E isso é um dos titulos de gloria da dissidencia.

Não me move pois nenhuma má vontade contra o Sr. Conde de Burnay. Quero que, se homens publicos praticaram a indignidade de se offerecerem por dinheiro á Companhia dos Tabacos, sejam castigados pelo seu crime; se o presidente do conselho de administração da Companhia dos Tabacos, o que é indignidade igual, malsina homens publicos, soffra as consequencias da sua má acção. É isto o que quero. (Apoiado do Digno Par João Arroyo).

Sr. Presidente: o juiz de instrucção criminal procede certamente em conformidade com as instrucções do Sr. Presidente do Conselho e Ministro do Reino, e por isso dirijo me a S. Exa. para saber qual a razão por que estiveram presos e incommunicaveis durante oitenta e um dias cinco cidadãos.

Sr. Presidente: não quero saber, nem sei quem estes sejam, nem a sua situação politica. Demagogos ou reaccionarios, a violencia praticada contra elles é uma obra offensiva de todos os principios de justiça, de humanidade e até da lei. Eu, como chefe de um partido radical, praticaria uma má acção, se não se referisse ao facto abusivo, indigno de um país civilizado e liberal. O artigo 21.° do decreto de 20 de janeiro de 1898, assinado pelos Srs. José Luciano e Beirão, é repugnantemente anti-liberal e urge revogá-lo.

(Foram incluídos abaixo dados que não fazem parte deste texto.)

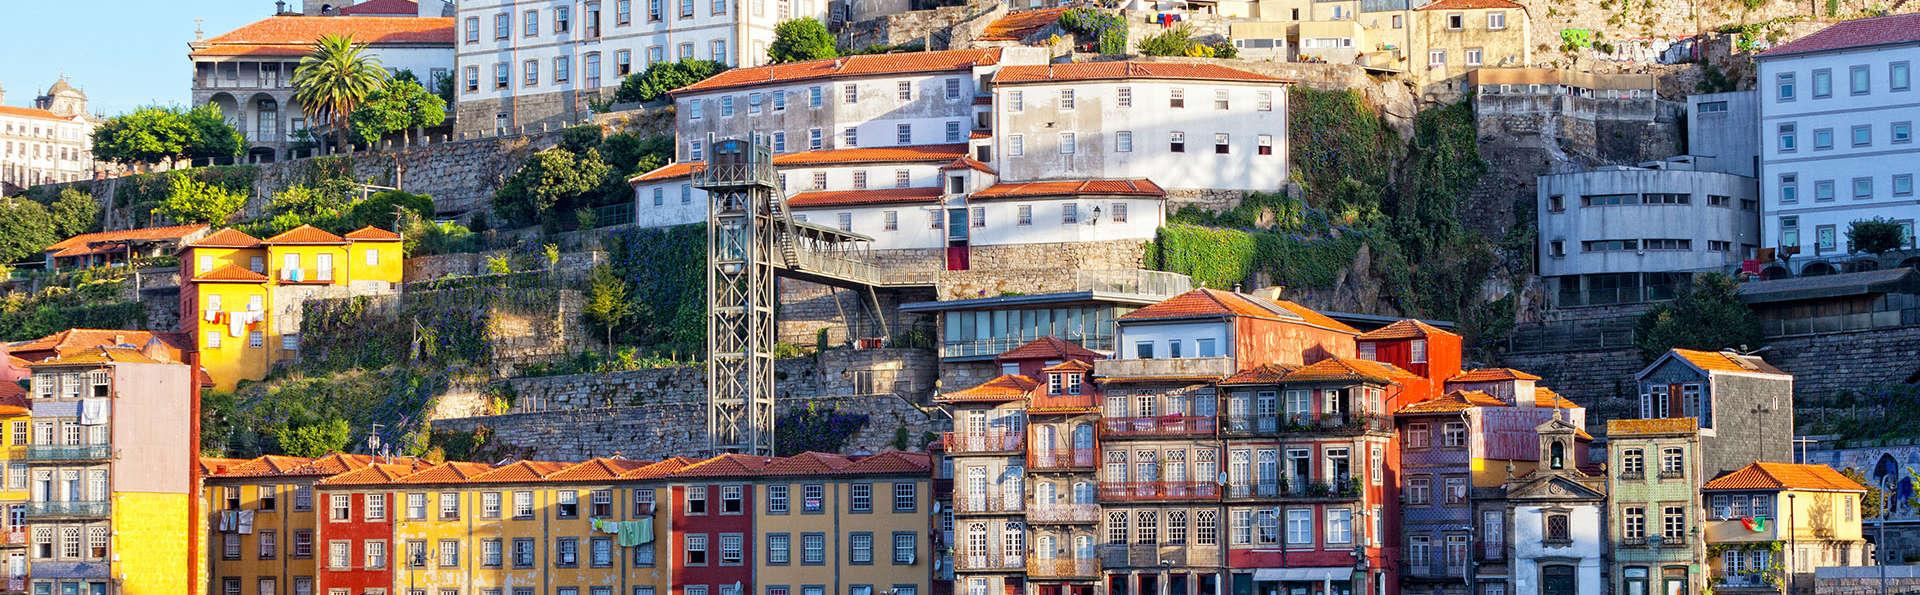 Évadez-vous avec un itinéraire à travers la ville de Porto et logez-vous dans un bel hôtel charmant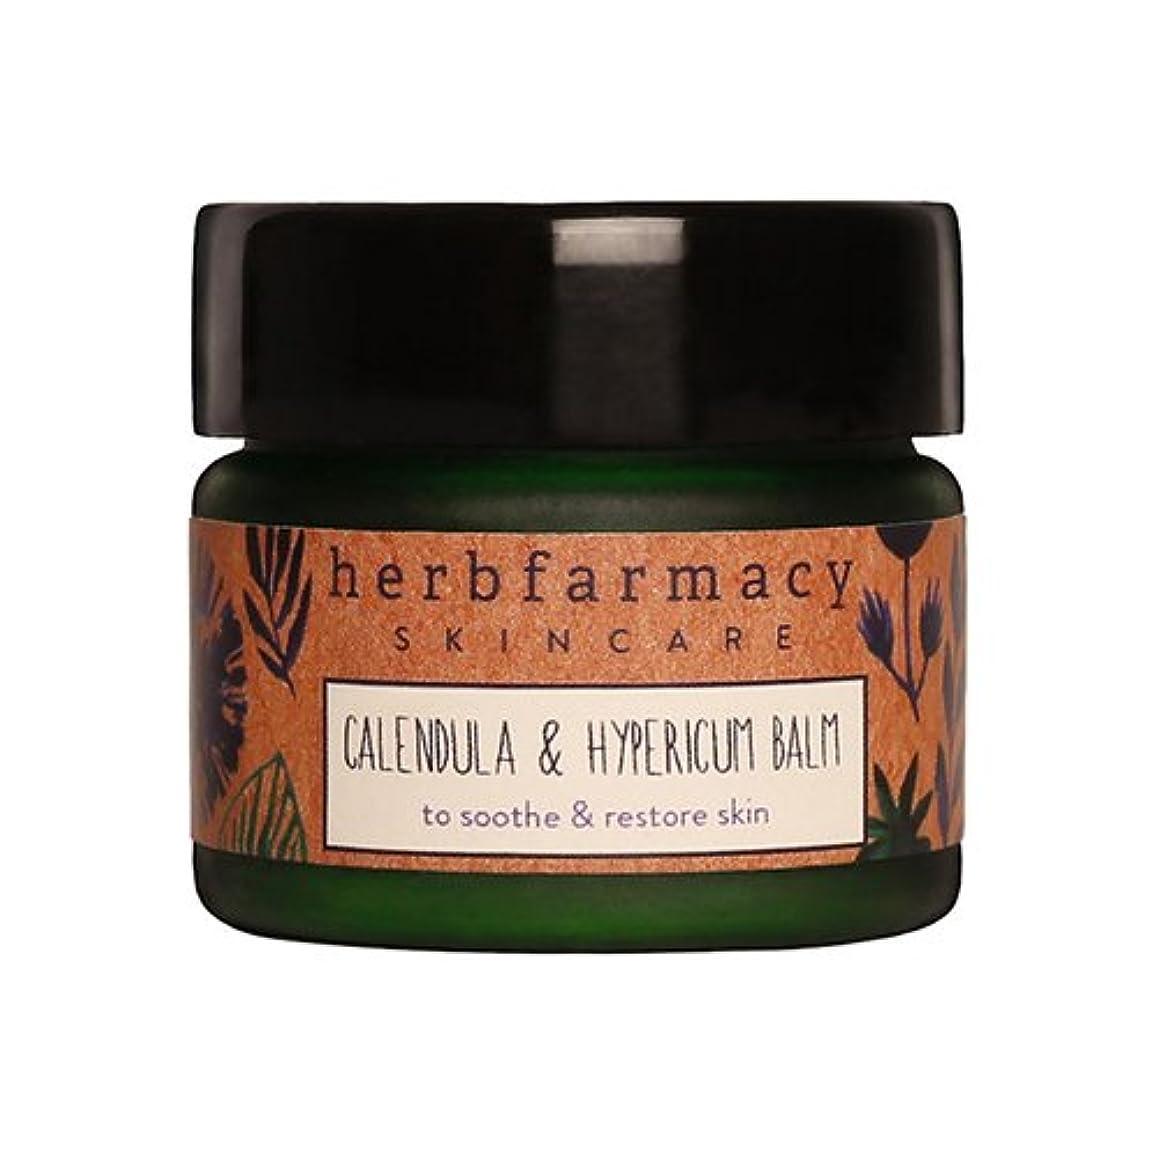 原因増強秘密のハーブファーマシー (herbfarmacy) カーミング バーム 〈フェイスバーム〉 (20mL)

Reclamo do Sr. Presidente do Conselho: como responsavel do occorrido pelo artigo 1.° do decreto de 19 de setembro de 1902, explicações sobre o caso revoltantissimo de tamanha arbitrariedade.

Estabeleceu-se tambem a esses presos a incommunicabilidade. Sr. Presidente, é verdadeiramente lamentavel que, nesta materia, se fosse hoje menos liberal do que no tempo do famoso Costa Cabral. Se eu e os meus amigos influissem nos negocios publicos, a instituição actual do juizo de instrucção criminal, com as suas doutrinas anti-liberars, desappareceria, pois as instituições monarchicas só perdem quando se assiste a violencias taes como as praticadas.

Para outro ponto chamo a attenção do Sr. Presidente do Conselho, e é para o que se está passando no norte com a distribuição do milho.

Fui informado que em Mesão-Frio a autoridade administrativa aproveita-se da faculdade de poder regular o distribuição, fazendo politica.

Peço ao Sr. Presidente do Conselho que se informe a este respeito, e se digne providenciar, mandando entregar essa distribuição ás camaras municipaes.

Era para estes assuntos que eu pedi a attenção do Sr. Presidente do Conselho, mas se S. Exa. não me puder responder hoje, eu virei aqui na proximo sessão.

(O Digno Par não reviu).

O Sr. Presidente do Conselho de Ministros e Ministro do Reino (Ferreira do Amaral): - Peço a palavra.

O Sr. Presidente: - V. Exa. só pode usar da palavra por poucos minutos.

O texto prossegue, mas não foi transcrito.